The Convocation Center brought in its largest crowd on February 28, 1970, when 14,102 fans were in attendance to watch the Bobcats men's basketball team defeat the Bowling Green Falcons 77–76. That year Ohio finished 20–5, winning the Mid-American Conference title and advancing to the NCAA Tournament.

In addition to Ohio basketball, volleyball, and wrestling contests, the Convo hosts numerous other events annually. The facility has held local high school basketball games as well as high school state tournament games as well as a variety of concerts, including a May 17, 1969 concert by Led Zeppelin, professional wrestling events, and special university events, most notably Ohio University's graduation ceremonies.

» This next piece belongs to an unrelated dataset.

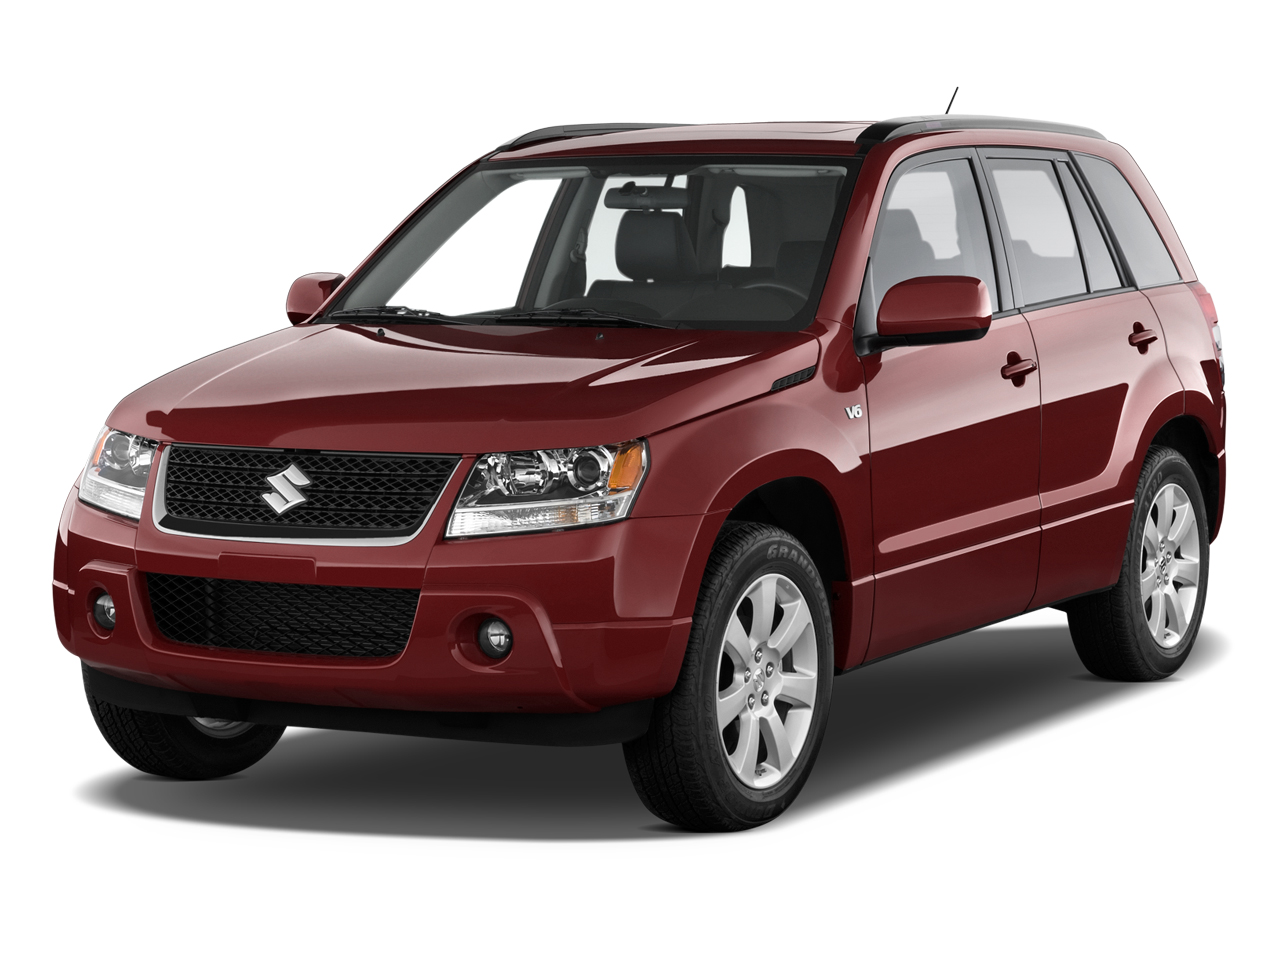 Suzuki Grand Vitara Albuquerque For Sale

The Convocation Center was used for Thursday night rehearsals for The Ohio University Marching 110 when the weather caused temperatures to drop far too low for these late-night sessions. The band used these rehearsals to learn/polish dance routines for their home football games on the basketball court. The building was also used for several of the Marching 110's LP recording sessions in the 1970s, 80s and 90s.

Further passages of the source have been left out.